Bondfield's information was based on rumors and the unfounded assumption that France and Spain would undertake combined operations in the West Indies in 1780. The figure given for Guichen's fleet is approximately equal to the number of ships he took into the Battle of Martinique in April, but Bondfield fails to mention the four ships of the line under La Motte-Picquet that were also in the West Indies (vol. 8:337, 360). The force given for Don Josef Solano is correct, but he remained at Havana and no additional vessels from Cádiz or El Ferrol were sent (Mackesy, War for America , p. 333–334). Como. Louis-Antoine de Bougainville commanded a ship of the line under Estaing in 1779 and would command a squadron under Grasse in 1781, but he had presumably returned to France with Estaing and in 1780 was not in the West Indies (W. M. James, The British Navy in Adversity, London, 1926, p. 435, 445). Ternay's fleet remained to the “Northward” (i.e. in and around Newport, R.I.) and took no part in West Indian operations in 1780. In any event, at no time during the war did the British navy in the West Indies encounter the fleet of sixtyone ships of the line contemplated by Bondfield. As to the troop strength in the West Indies, by the date of this letter France had 36 battalions or approximately 20,000 men in the West Indies so that the addition of the Spanish troops brought the allied total to over 30,000. The British army in the West Indies reached its highest level for the entire war in Sept. 1780 at 11,153 troops.
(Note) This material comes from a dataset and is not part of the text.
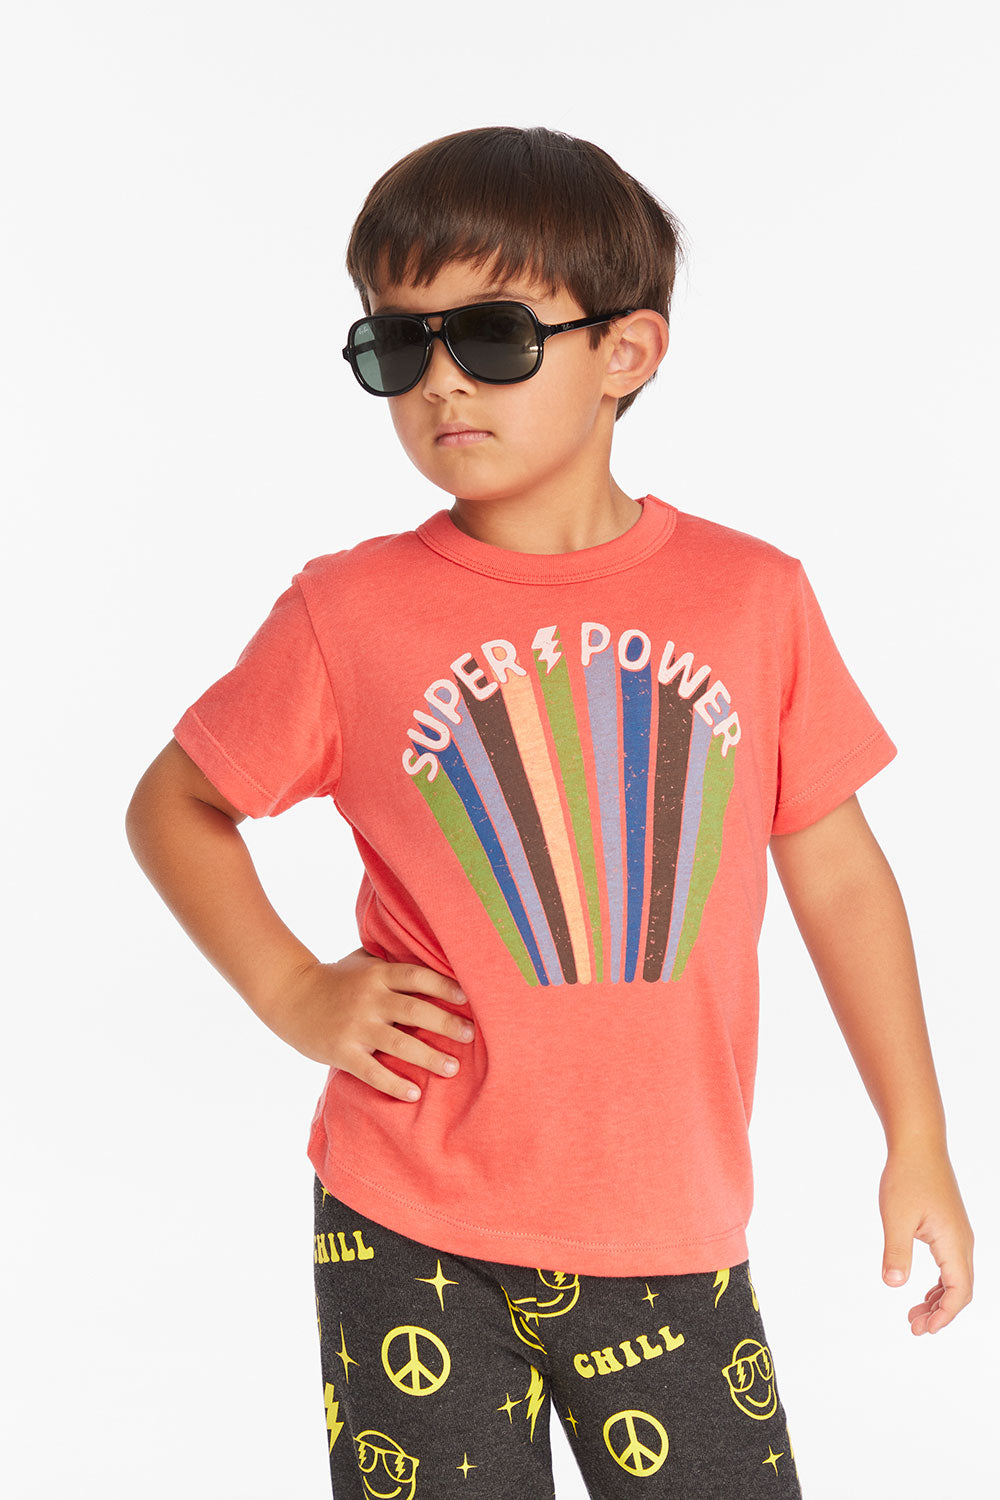 Superpower Boys Tee Boys chaserbrand

The ravages of disease, however, meant that the actual number of effectives (those fit for service) was always considerably less than the official totals, which are also misleading since the troops were scattered among the various islands (Dull, French Navy and Amer. Independence , p. 377; Mackesy, War for America , p. 334, 525).

2.

Russia, as a neutral, had not signed a new treaty with France. Bondfield may be referring to the French approval of the terms of Russia's declaration of an armed neutrality insofar as it operated against British interests.